• Problem to work on: In the records below, find the line with "D'Addario Custom Series" and repeat exactly every line from it through the line with "Amigo Integrity Adult Dog Food". Pictures stay out.

• Extracted entries:
----

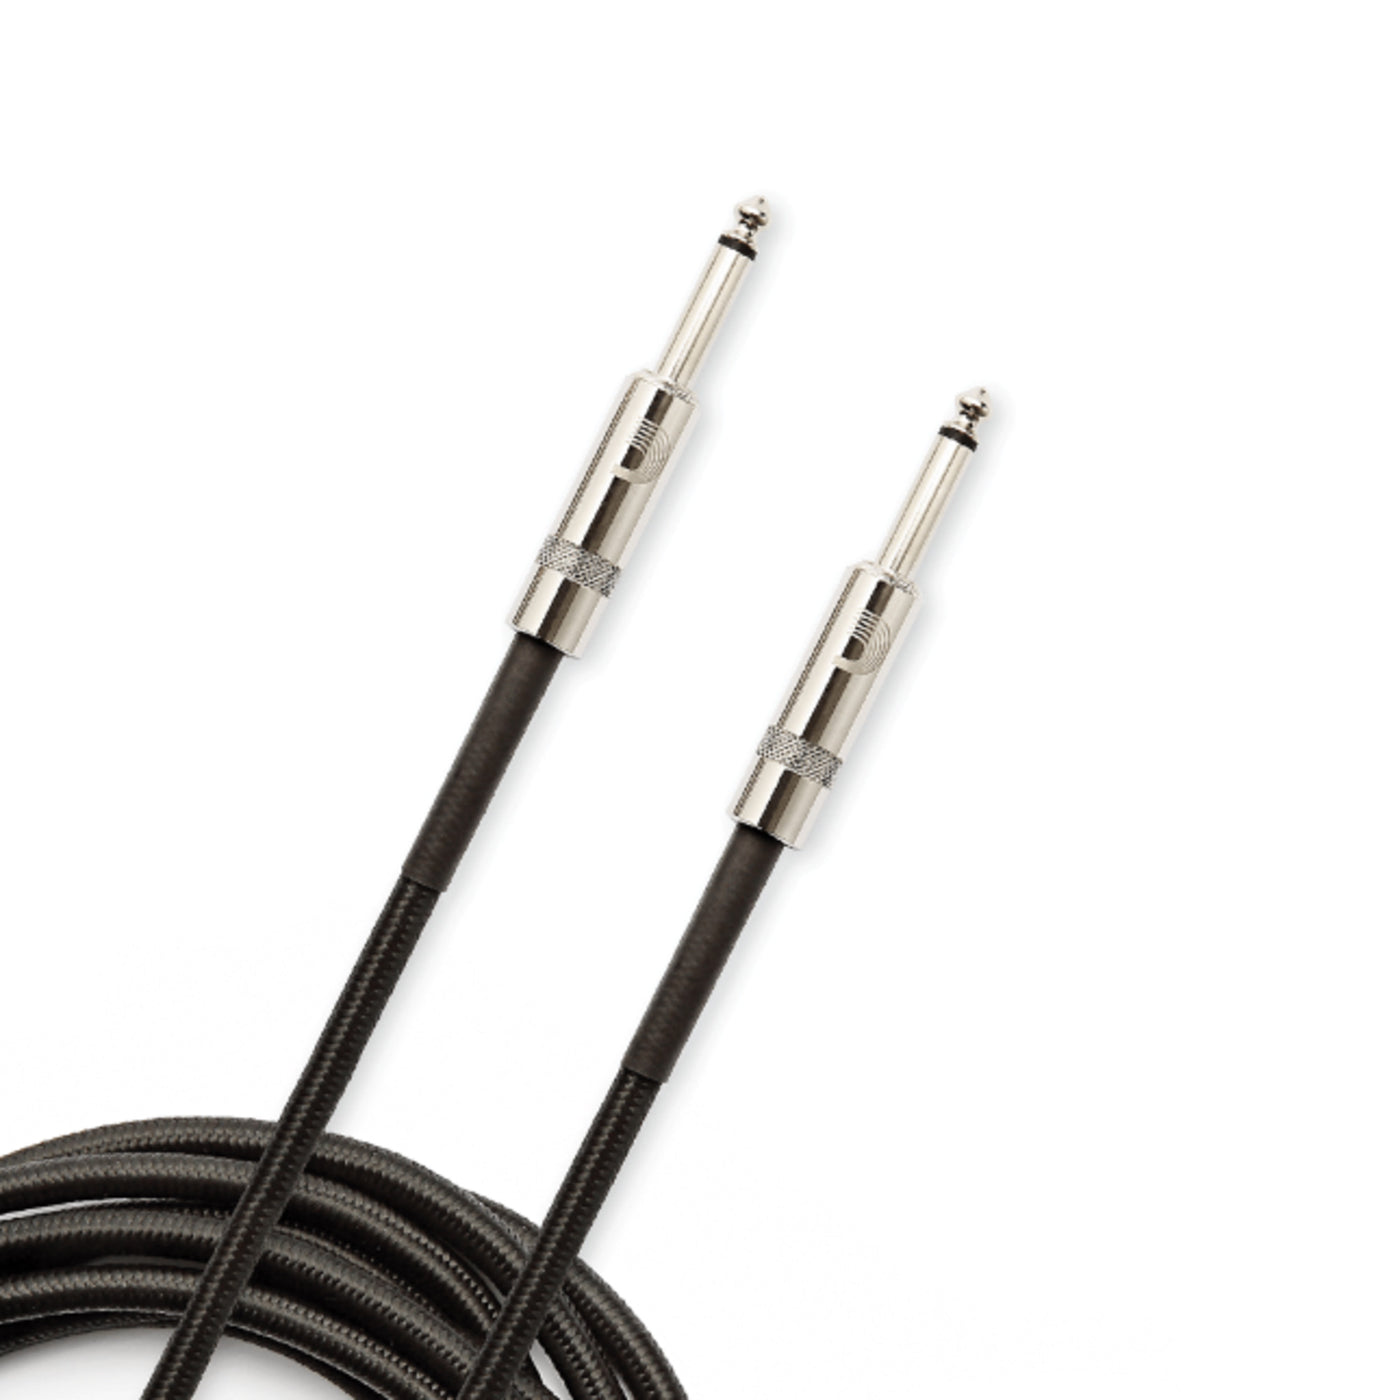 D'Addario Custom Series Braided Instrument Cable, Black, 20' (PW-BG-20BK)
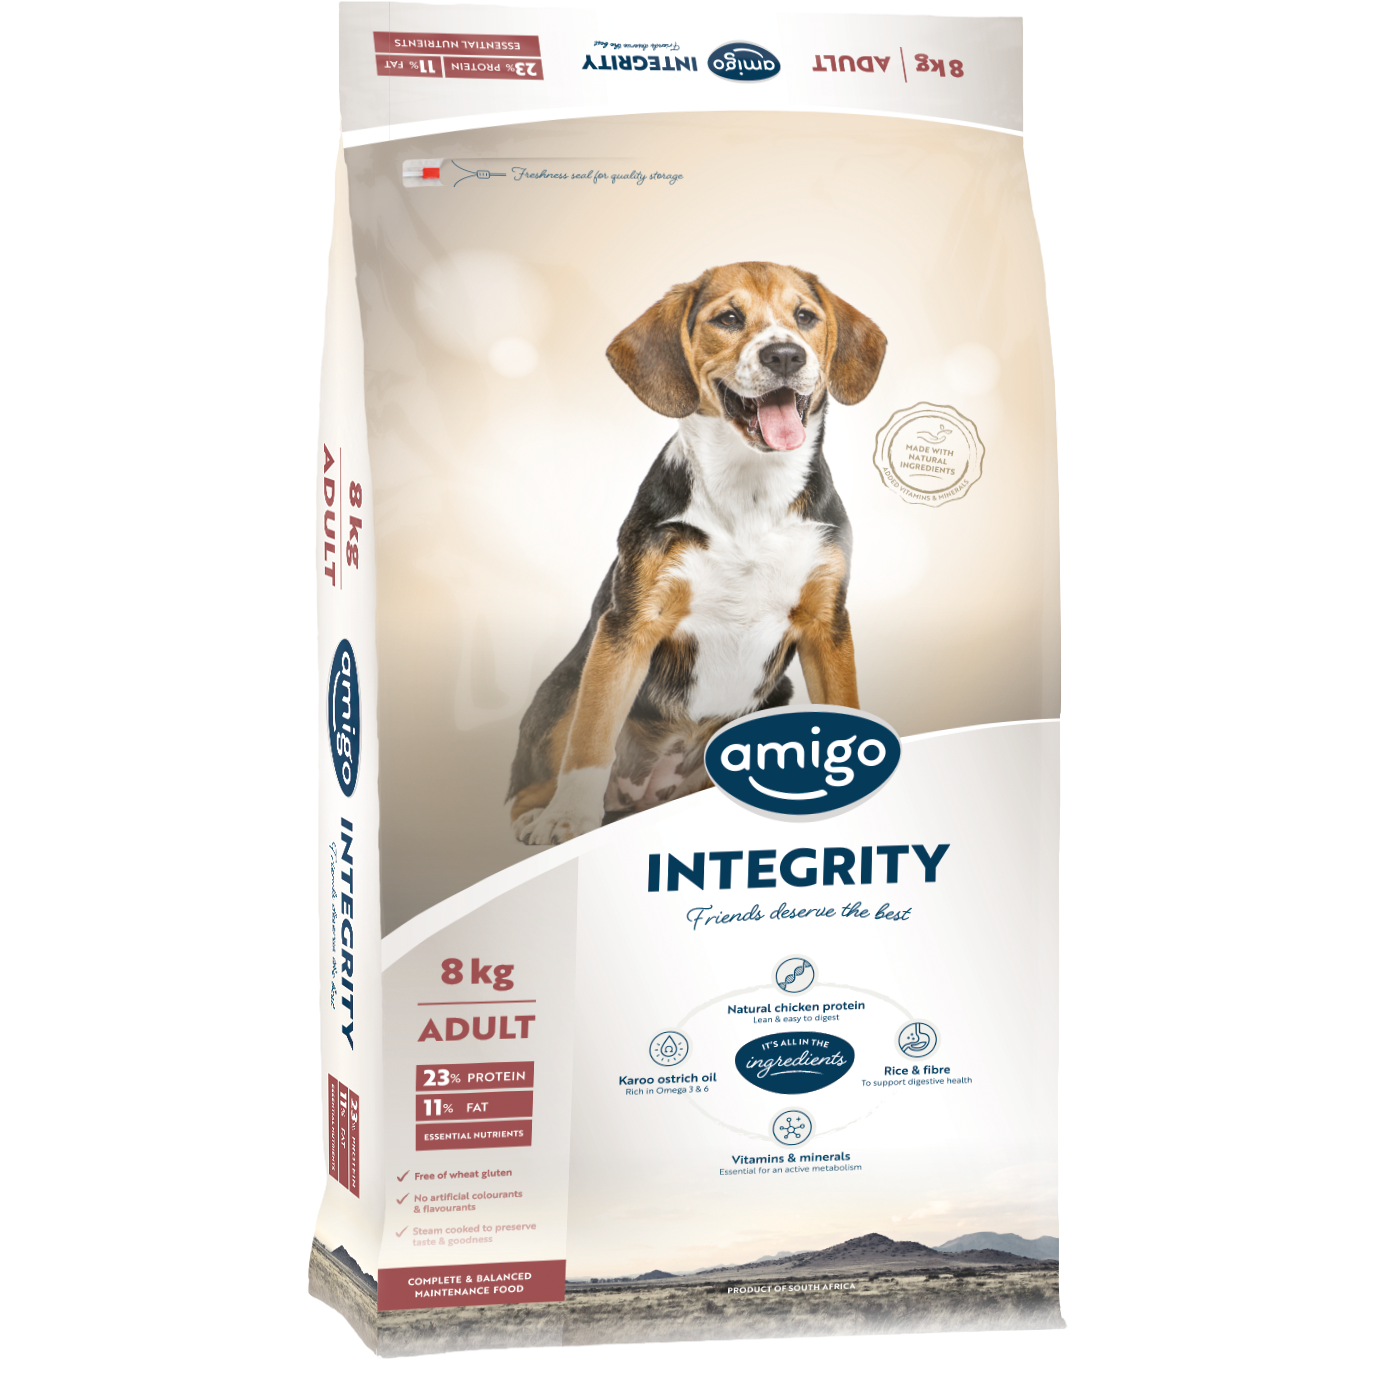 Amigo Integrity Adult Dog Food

----

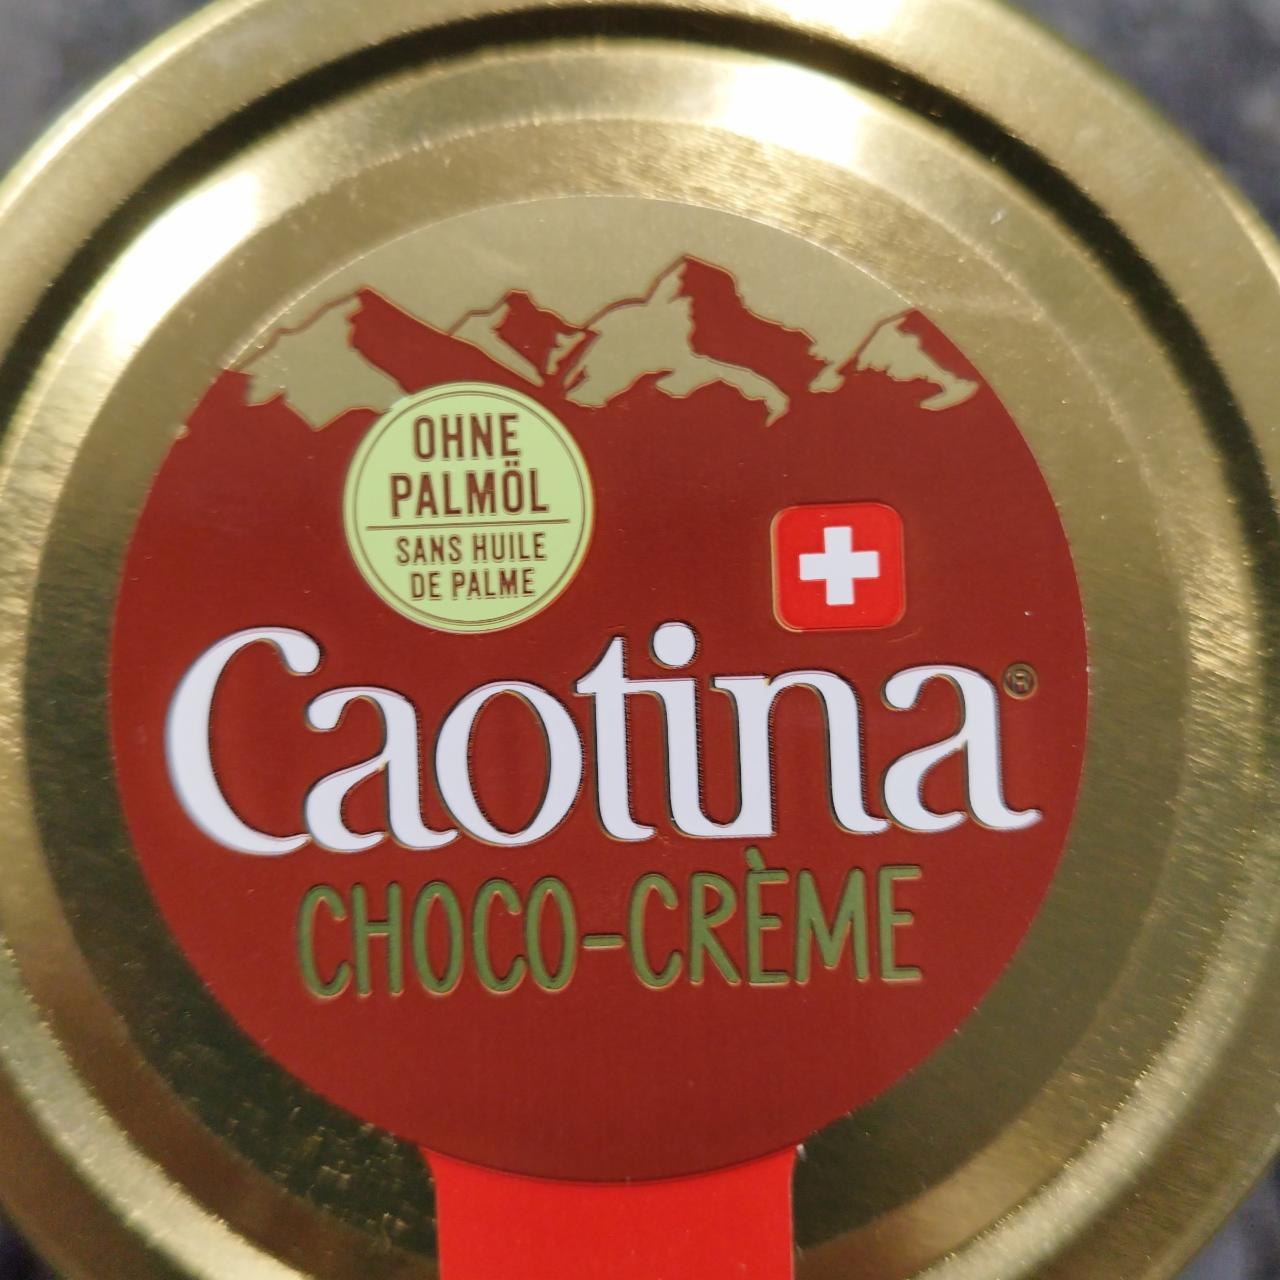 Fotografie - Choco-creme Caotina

----

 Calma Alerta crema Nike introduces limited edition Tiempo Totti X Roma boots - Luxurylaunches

----

• Answer to the exercise:
 D'Addario Custom Series Braided Instrument Cable, Black, 20' (PW-BG-20BK)
 Amigo Integrity Adult Dog Food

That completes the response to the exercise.